My question: Corban, where were you?
Perhaps the event was not clearly publicized, which would be a fault of mine as your ASB Communications Coordinator.
Perhaps the event coincided or conflicted with other Christmas events.
Perhaps the event was too much of a stress to attend, as students struggle to finish assignments, write papers and study for finals.
The fact of the matter is that from a student population of roughly 1,100 students, only roughly 60 students came, 20 percent of whom were the students who organized the event.
Students need to know they missed out on a wonderful event.
Martin did not simply lead the meager audience in Christmas carols; he was intentional in following the direction of the event organizers, student worship leader Chris Spivey and ASB Ministries Coordinator Carrie Bernard.
Martin shared his passion for worship, describing it in this way: “The joy of Jesus fills us [when we worship] so that we can’t go back to where we were.”
Despite my own disappointment, Chris Spivey expressed his excitement about the number of students who did come. He realized that the time of the year was a conflict for some people.
“The band was great,” Spivey said. “Logan Martin and company played well and as though there were 1,000 people there. They had a clean, crisp sound and were very professional.”

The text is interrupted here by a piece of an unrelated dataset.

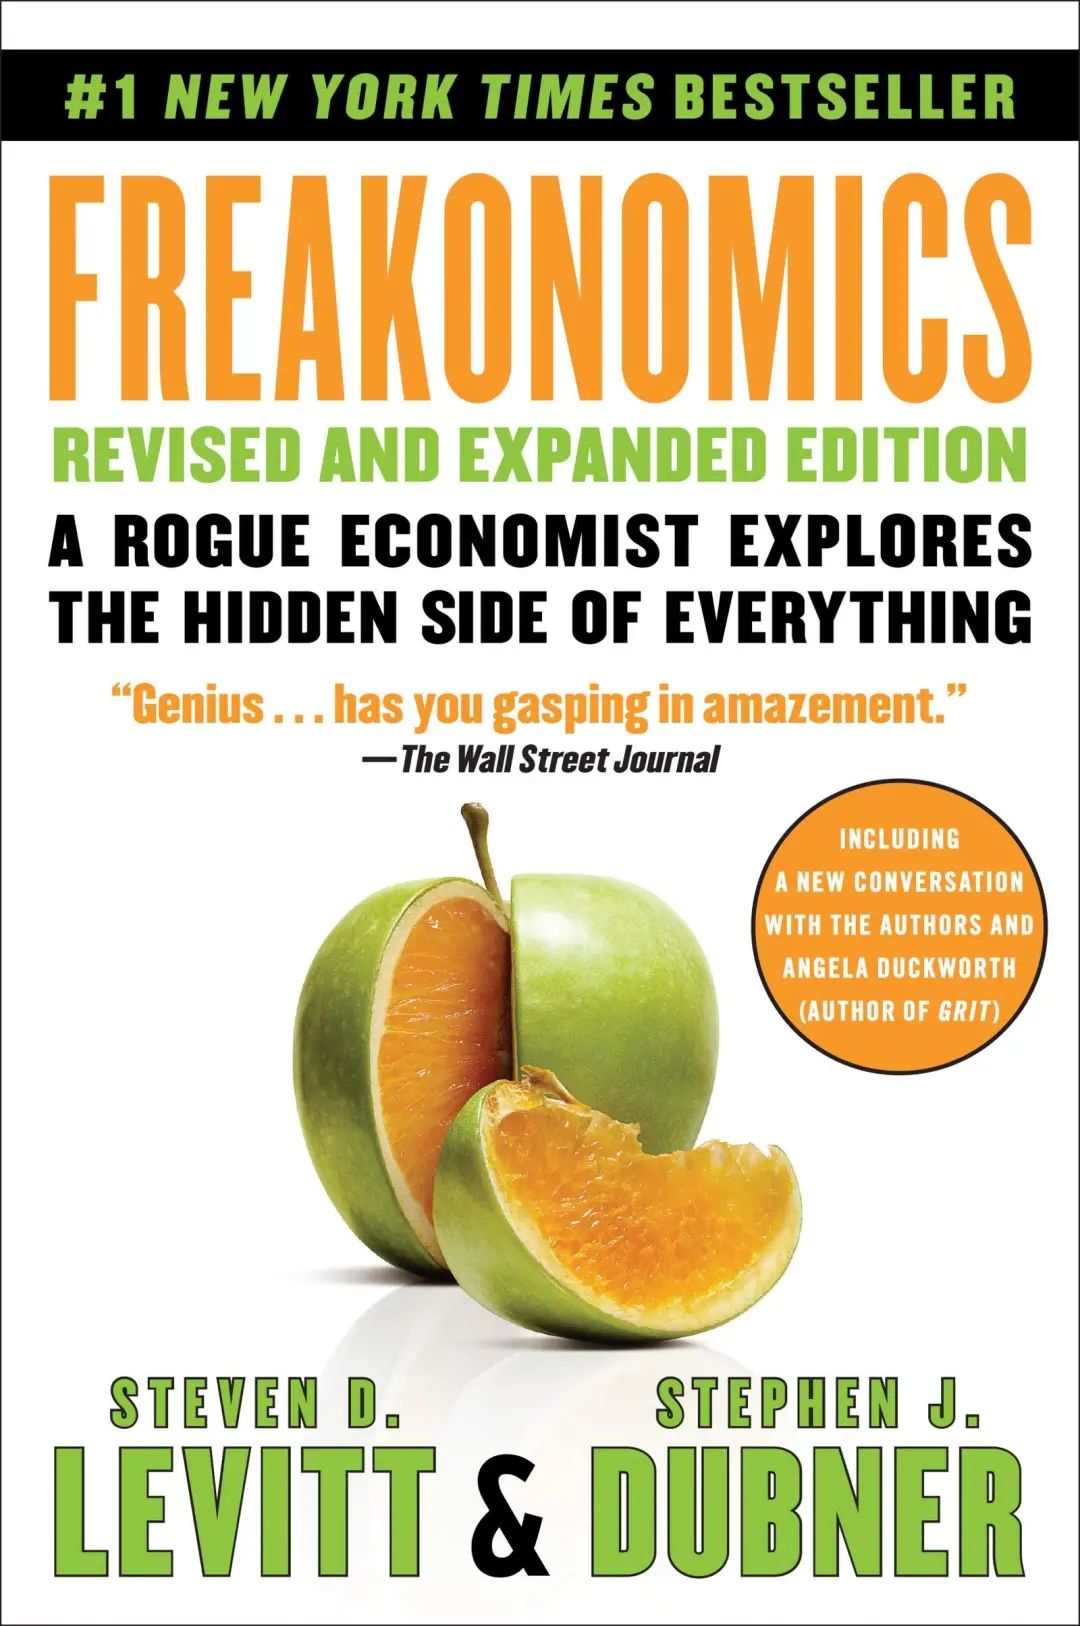 推荐三本我的经济学珍藏好书

Students need to know they missed out but should not continue to miss out on an amazing outlet that will push them outside of the “Corban bubble” they tend to find themselves in.
Provost Matt Lucas once said that the Corban bubble is merely something created by students. This Corban bubble is a limit we place around ourselves. Geographically, Corban is somewhat outside of the city. It is easy to feel secluded on the Corban hill.
I know from experience: I spent my first two years at Corban without a car and in a circle of friends without cars. We spent hours mapping bus routes to take us from downtown Salem to the Lancaster mall and back. It seemed like such an inconvenience, but always ended up being worth the extra hour or two of travel and wait time for bus changes.
Salem United is a unique and wonderful worship experience designed by students who saw the problem of the Corban bubble and sought to solve it. It’s open to students, families and individuals throughout Salem to join together in a time of worship, a time of union.
If Corban cannot show up, how can we expect the rest of Salem? Aren’t we called to be a witness?
Then what are we doing, Corban?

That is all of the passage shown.